# AGP Karte ausgebaut - eingebaut danach Schwarzer Bildschirm



## Eisbaer (10. Oktober 2004)

Hallo,

ich habe meine AGP GraKa ausgebaut, und nach ca. 20 minuten wieder eingebaut (Rechner war zu der Zeit nicht an oder hatte eine andere Karte eingebaut). Doch danach bekam ich nichts mehr zu sehen. Nachdem ich alles abgesteckt hatte und nur die GraKa drin war hatte ich es einmal das er gebootet hatte. Danach hab ich IDE kabel Karten usw. wieder reingesteckt doch danach hatte ich wieder nichts zu sehen. Karten ausgebaut nur FP angeschlossen ... nichts. Was kann ich noch tun bzw. woran liegt das? Ich danke für jede antwort


----------



## hela (11. Oktober 2004)

Hallo,
'... Rechner war zu der Zeit nicht an ...' reicht m.E. nicht. PC muss bei Hardwareumbauten wirklich vom Netz getrennt werden - also Netzstecker ziehen.


----------



## jf-flasher (11. Oktober 2004)

HI, 
erste Frage: hast du irgend eine neue Hardware eingebaut, aus welchem Grund hast du die Grafikkarte ausgebaut.

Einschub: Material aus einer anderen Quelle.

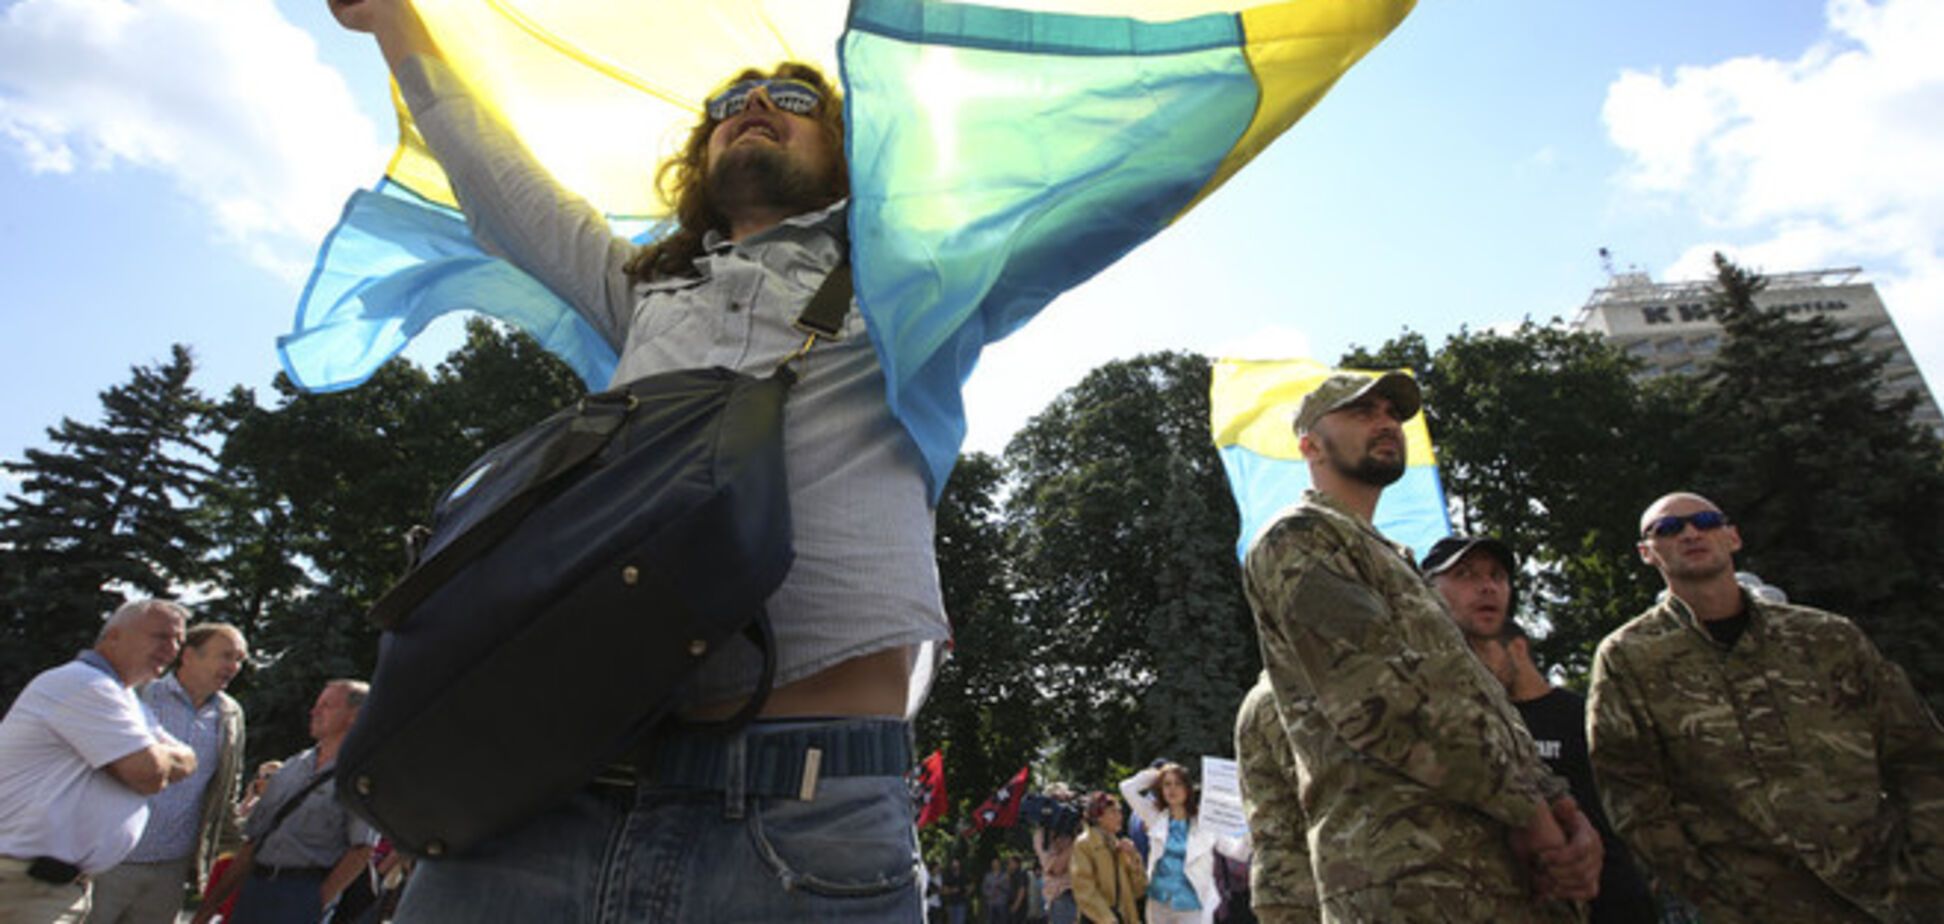 Сюмар закликала бойкотувати прокремлівські українські ЗМІ: іншого виходу немає

zweite Frage: wieviel Watt hatt dein Netzteil. Bei zukünftigen Hardware-fragen wäre es sinnvoll alle erforderlichen Daten mit zu posten.

CPU?
Board?
Ram?
Grafikkarte?
dann wäre einem viel schneller geholfen.

Mit freundlichem Gruß jf-flasher


----------



## alois (11. Oktober 2004)

Bei sowas hilft wirklich gerne eine komplette Netztrennung, BIOS-Batterie raus, 10 Minuten stehen lassen... Ansonsten die Kontakte der Grafikkarte und des AGP-Slots kurz erden, oft ist eine elektrische Ladung auch das Problem. Viele sagen an dieser Stelle dann geht alles kaputt- das stimmt nicht  6 Jahre Erfahrung ^^


----------